OpTiMSoC Enabled Demonstrator System with Fault-Tolerant NoC
Although it has been silent around OpTiMSoC in recent months, some development is still ongoing. Based on OpTiMSoC, a demonstrator system has been developed in the scope of the ARAMiS II research project and has since been further improved. This blog post describes the demonstrator system, its architecture and building blocks, and the alterations and extensions made to OpTiMSoC in order to build it.
Purpose of the demonstrator
The demonstrator was implemented to demonstrate the capabilities of a newly developed Network on Chip (NoC). This network is a hybrid packet-switched and Time-Division-Multiplexed (TDM) NoC using TDM channels with protection switching to implement fault-tolerance and hard real-time guarantees for safety-critical traffic in a mixed-critical environment.
The goal of the demonstrator is to:
- demonstrate fault-tolerance of critical communication in the NoC
- demonstrate isolation between critical and non-critical traffic in the NOC
- visualize the current status of the NoC
- allow interaction with the system and the applications running
The following picture gives an overview of the different parts of the demonstrator.
The demonstrator has two main parts: an OpTiMSoC-based tiled 3x3 many-core system implemented on FPGA and a “Host PC” to control the system and visualize its current state. The 3x3 system is implemented on a VCU108 Evaluation Board from Xilinx and connected to the Host PC via the Cypress EZ-USB FX3 peripheral controller.
A special bridge module connects the debug system to the NoC and acts as I/O tile to allow communication between the Host PC and the other tiles. The remaining 8 tiles are compute tiles that each contain an OpenRISC CPU. Three of these tiles run a pedestrian detection algorithm to represent a safety critical application, the remaining five tiles run an application that produces uniform random background traffic in the NoC. Furthermore, in order to demonstrate a globally asynchronous locally synchronous (GALS) architecture, the critical tiles, the non-critical tiles, and the NoC are all in different clock domains.
The application on the Host PC is split in two major parts: a control part to handle the communication with the target, load the applications into the local memory of the compute tiles, and handle the frame distribution for the pedestrian detection, and a monitoring part to observe and interact with the NoC. The control part is written in Python and makes heavy use of the glip Python bindings, the monitoring part is displayed in a browser using a local Flask server.
The video shows the demonstrator in action and the necessary steps to get it running.
Several new hardware modules were implemented and some existing OpTiMSoC modules altered for the demonstrator system. Most notably:
- A completely new NoC has been implemented. The NoC uses TDM for critical traffic and packet-switching for non-critical traffic. The packet-switched part can use either source-routing or distributed routing (defined at design time). 1+1 protection switching can be used to guarantee fault-tolerance for critical communication.
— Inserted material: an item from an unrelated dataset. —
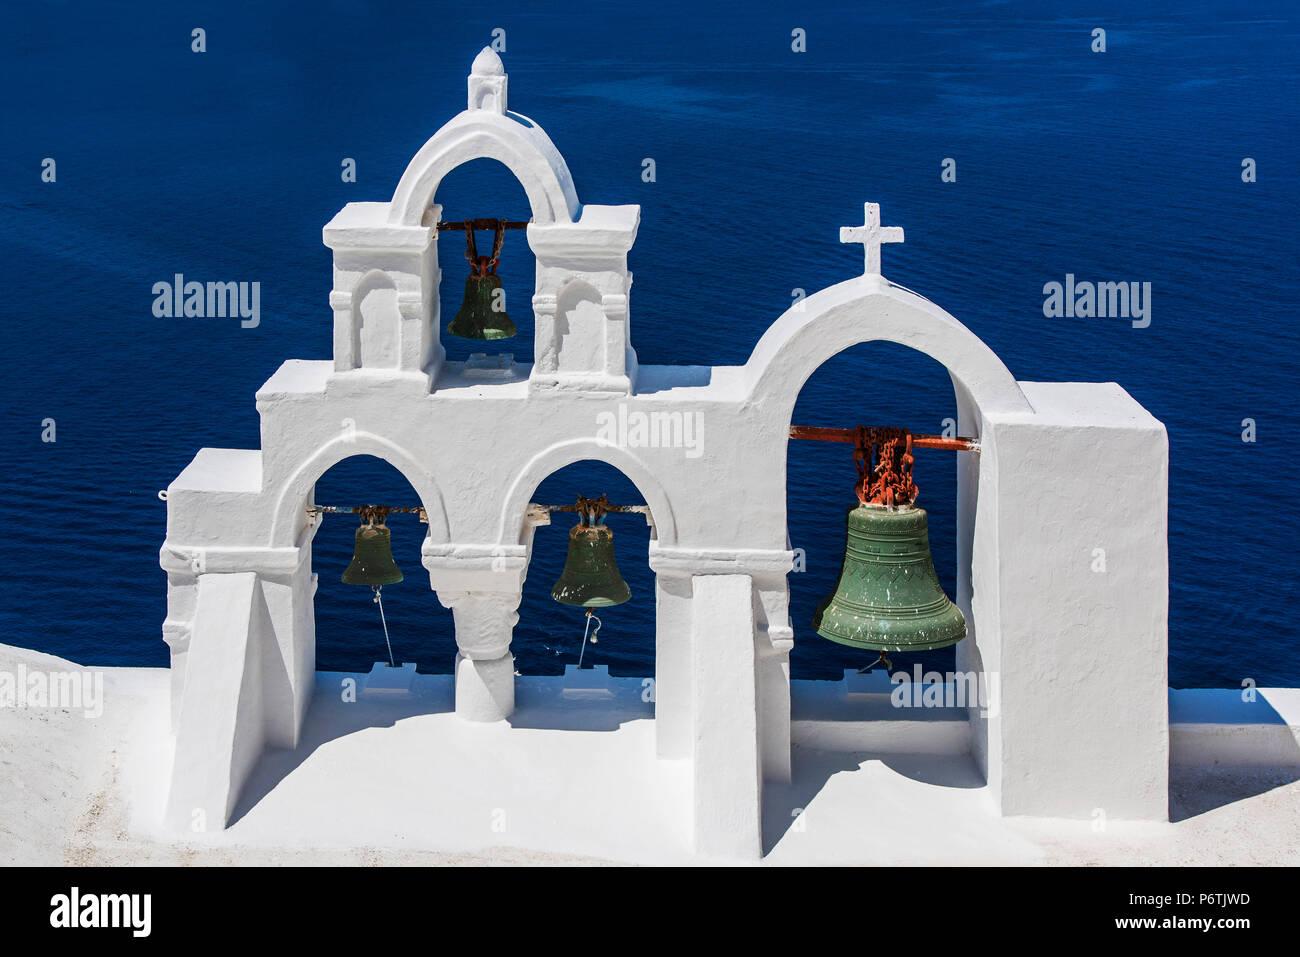 Befry blanc typiquement grec, Oia, Santorin, sud de la mer Egée, Grèce Photo Stock

- An I/O tile allowing communication between a Host PC and the compute tiles of a system via the NoC.
- Modules for fault-detection of NoC flits based on parity, as well as modules to generate the parity information for NoC flits.
- Fault injection modules to test the fault-tolerance of the NoC.
- A monitoring module to trace the utilization of individual NoC links for both TDM and packet-switched traffic.
- Clock-domain-crossing capabilities between the NoC, the compute tiles, and the debug interconnect as well as for the reset signals.
So, what’s next?
As of now, the new and altered modules are not available in the public OpTiMSoC repository as some of them are specific to the demonstrator system and some are still being worked on. However, we plan to add the hybrid NoC, the I/O tile, and the support for different clock domains and will hopefully have a new release this year.